* [DATA EXCERPT]

◆ ◆ ◆

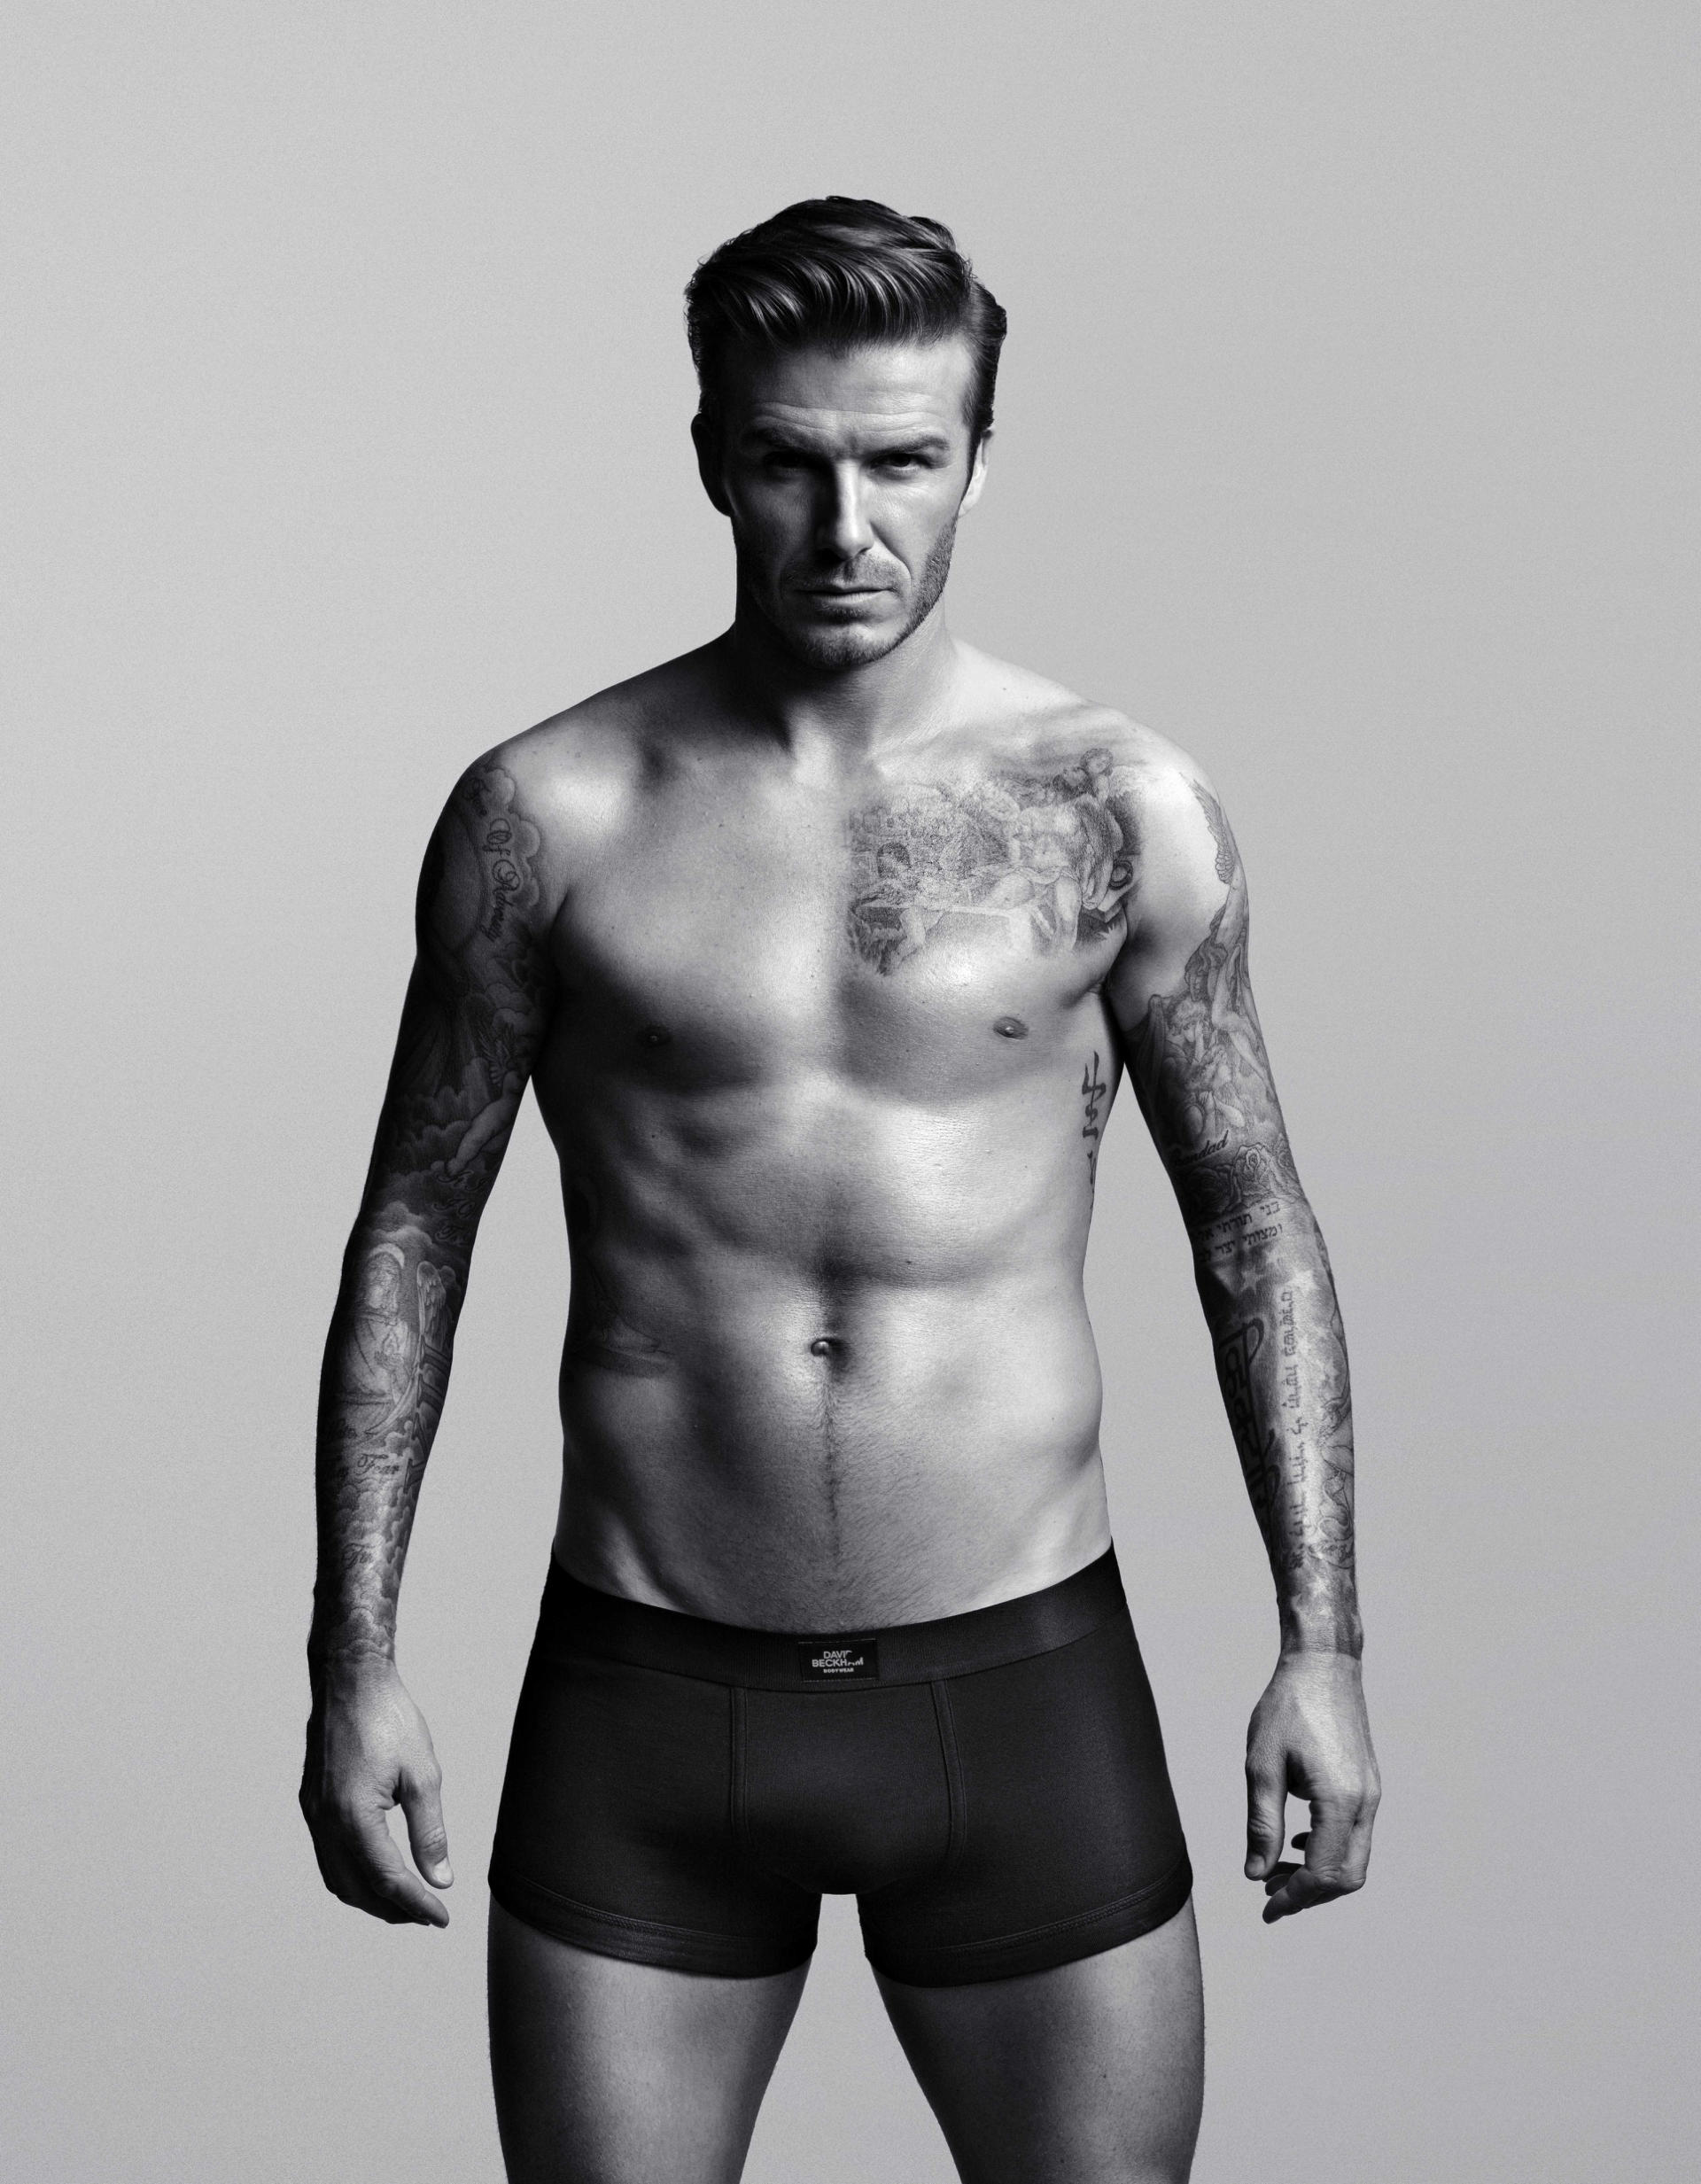 Дэвид Бекхэм, 2012. Фото: David Beckham Bodywear for H&M
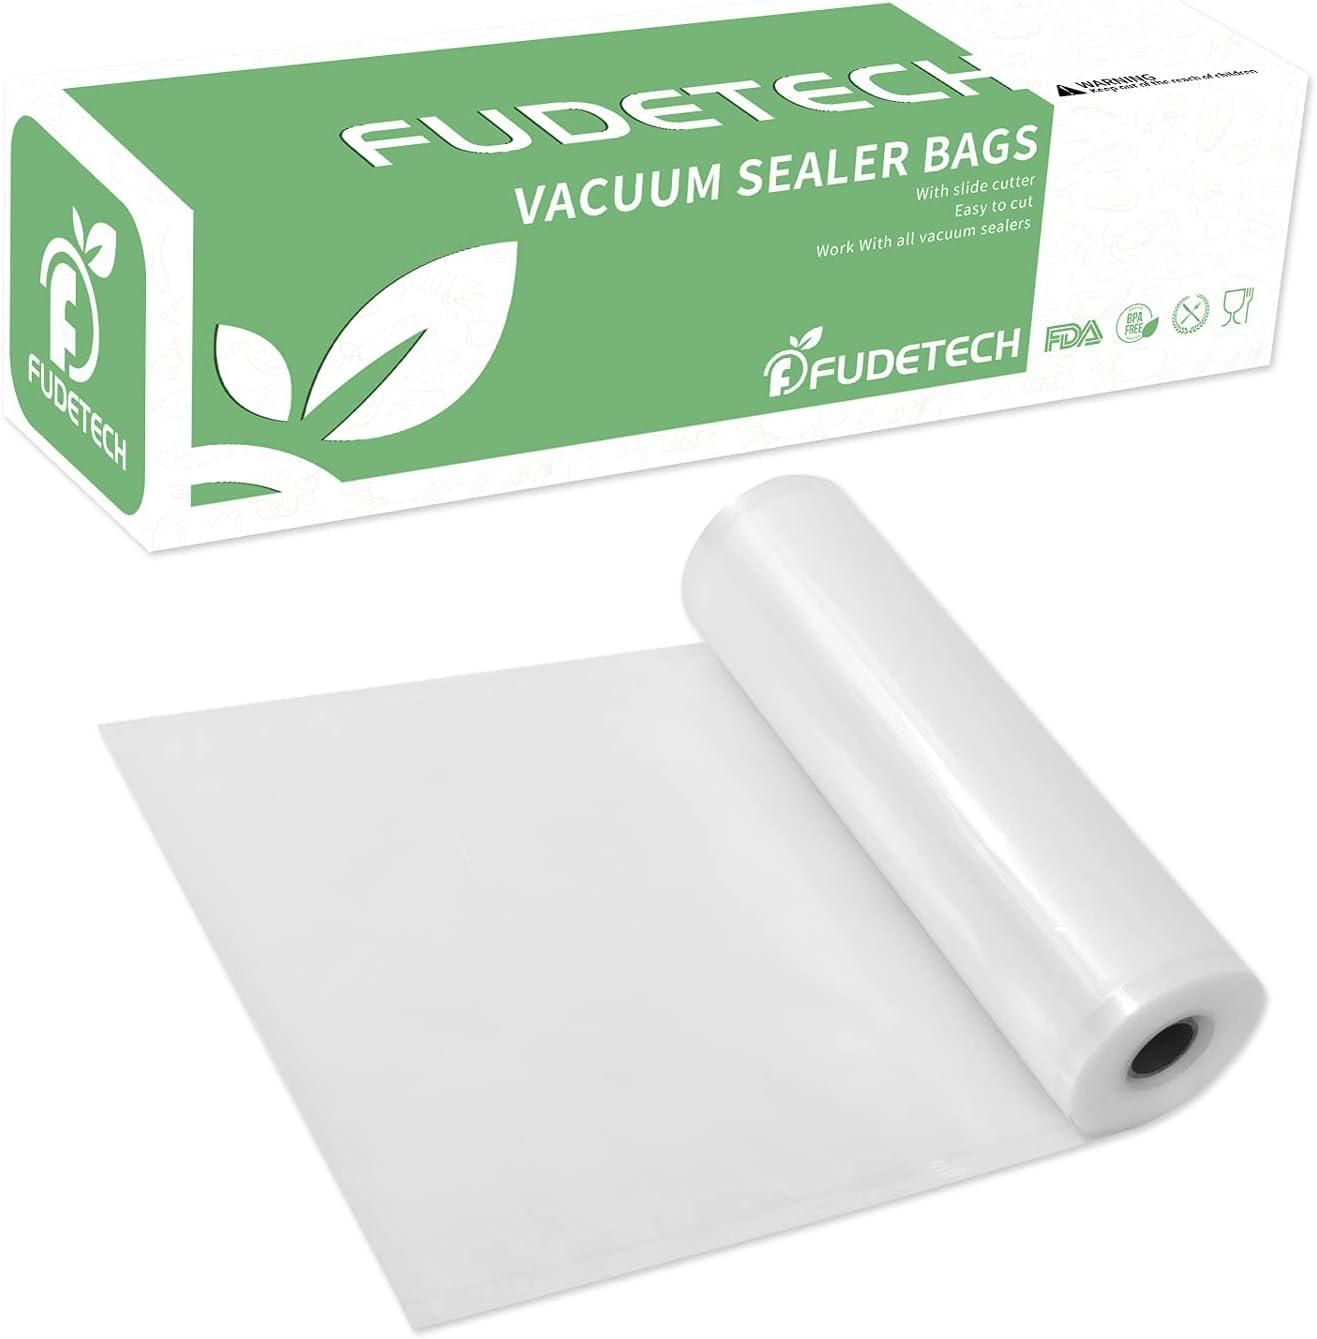 F Fudetech Vacuum Sealer BagsRolls 11
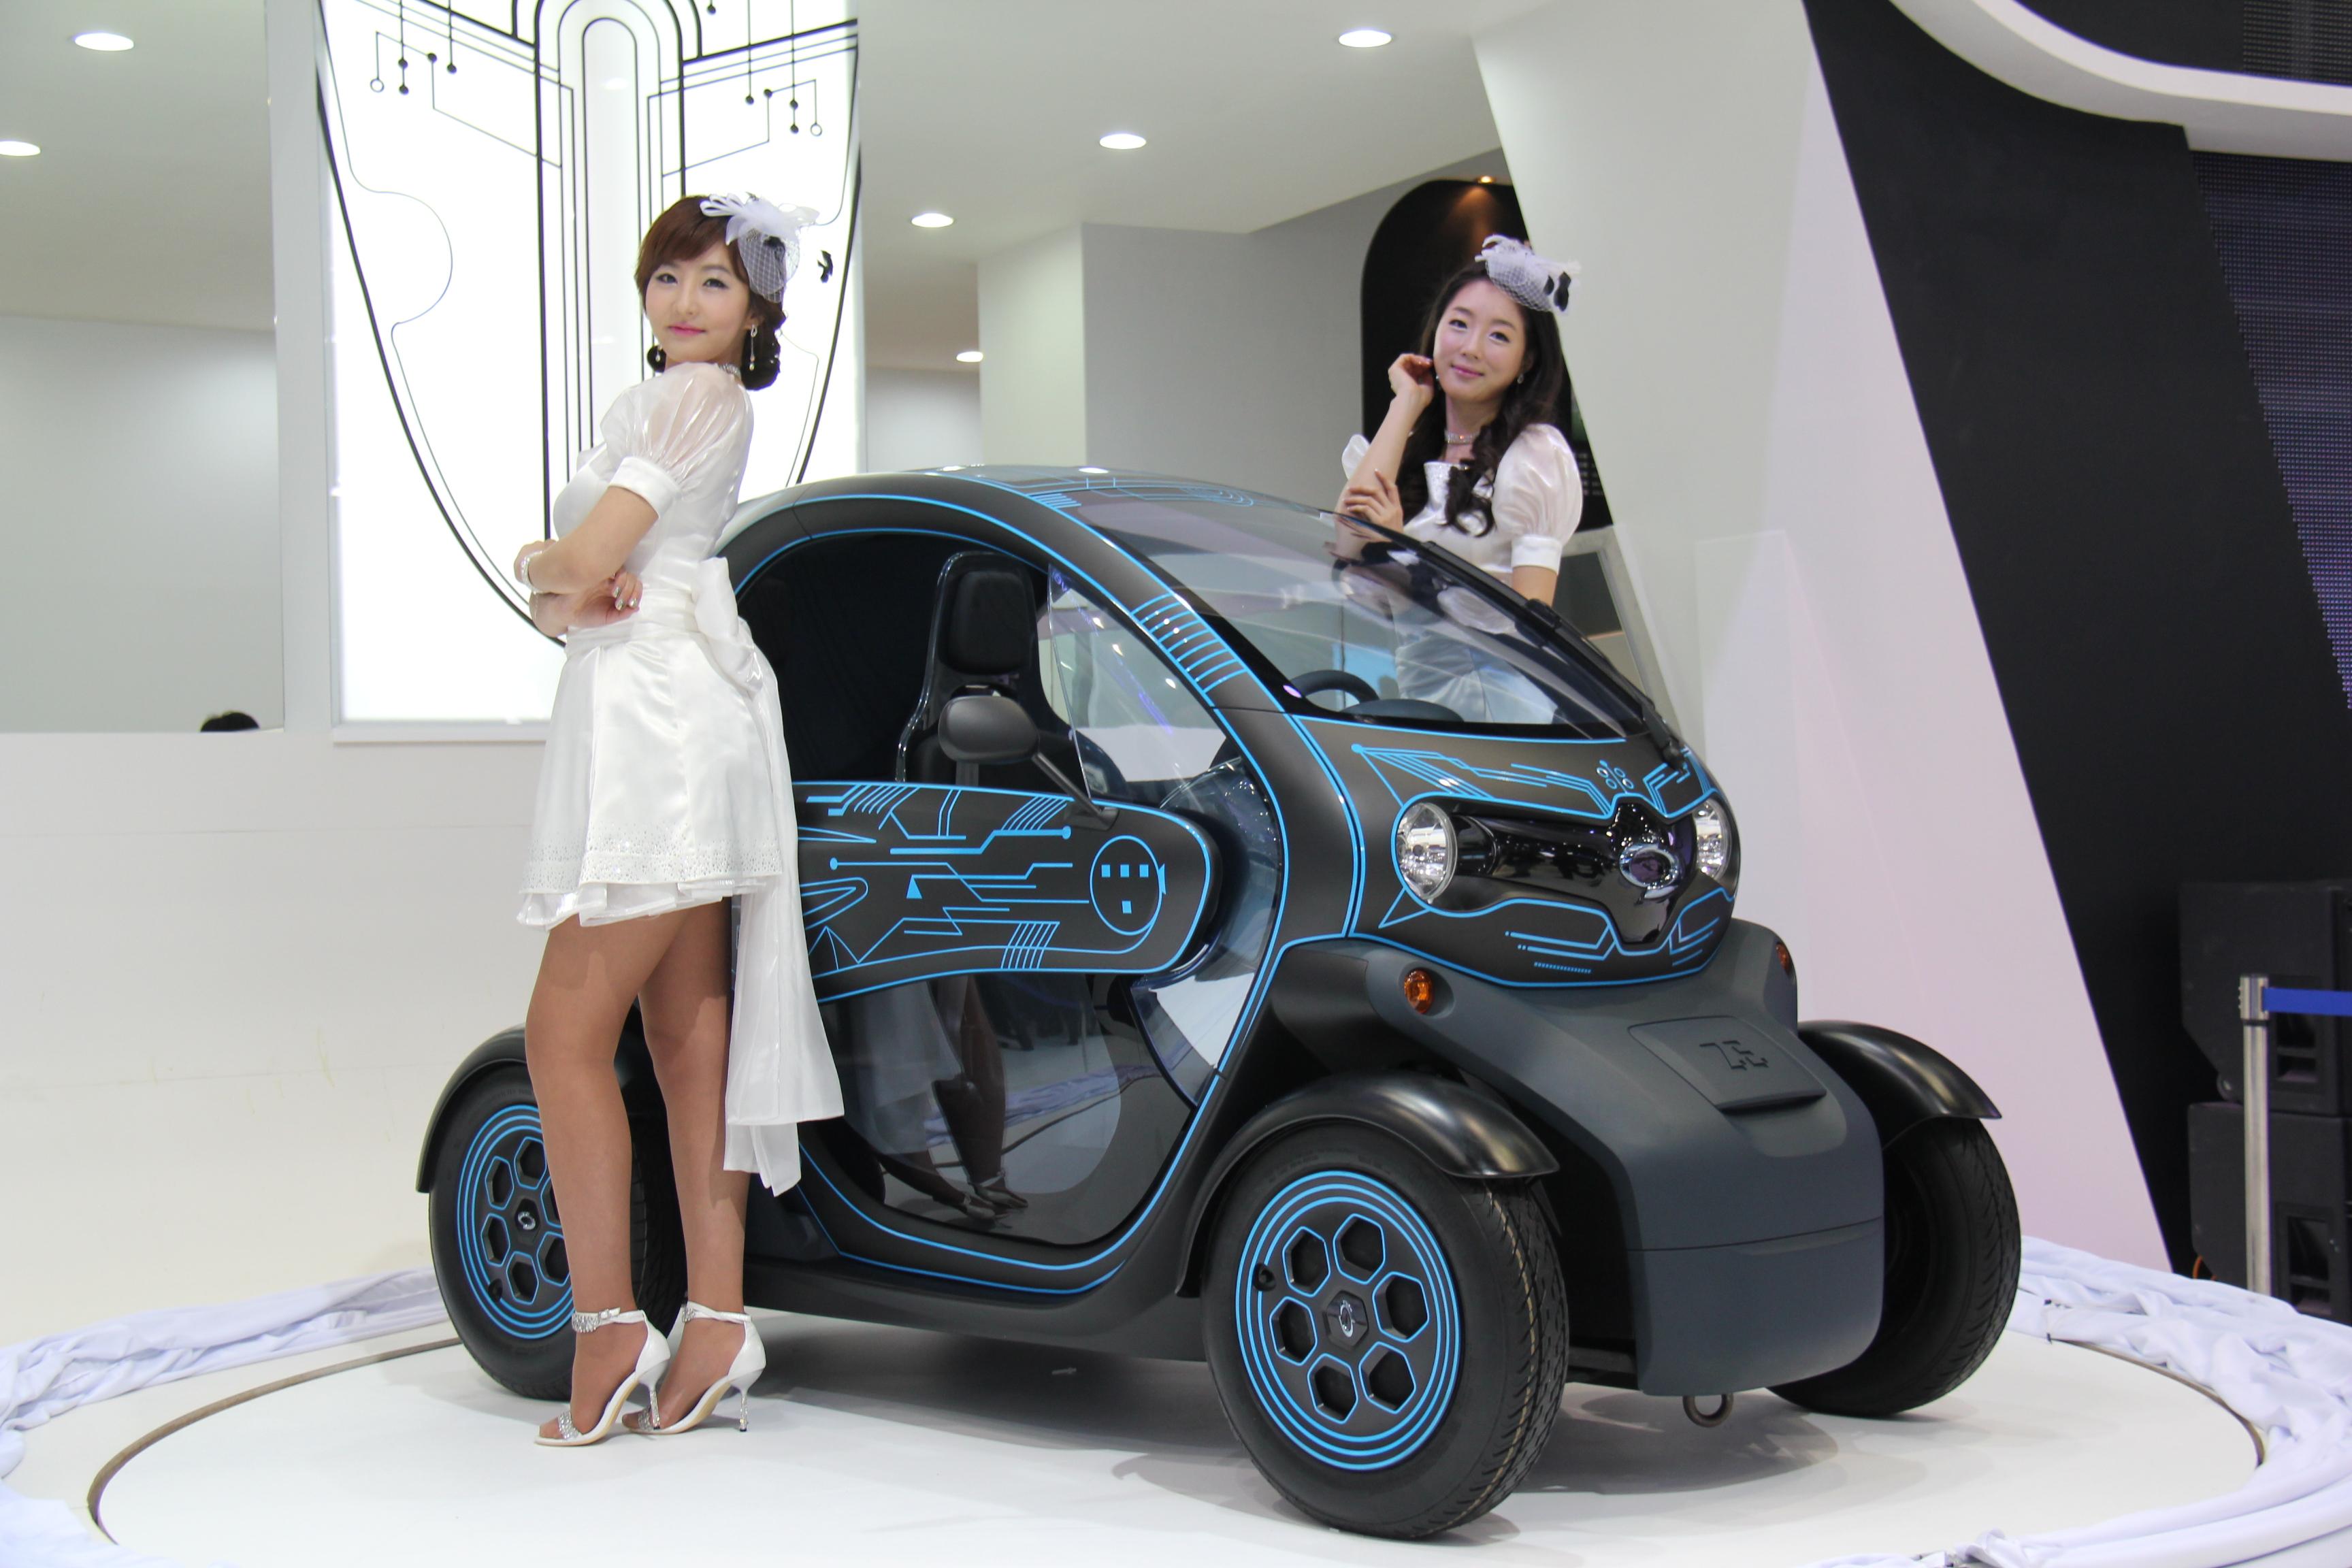 File:KOCIS 2011 Seoul Motor Show (5817570414).jpg

◆ ◆ ◆

* [PROBLEM DESCRIPTION] Word for word, retype all of the data above, but include no pictures.

* [ANSWER TO THIS EXERCISE]
 Дэвид Бекхэм, 2012. Фото: David Beckham Bodywear for H&M
 F Fudetech Vacuum Sealer BagsRolls 11
 File:KOCIS 2011 Seoul Motor Show (5817570414).jpg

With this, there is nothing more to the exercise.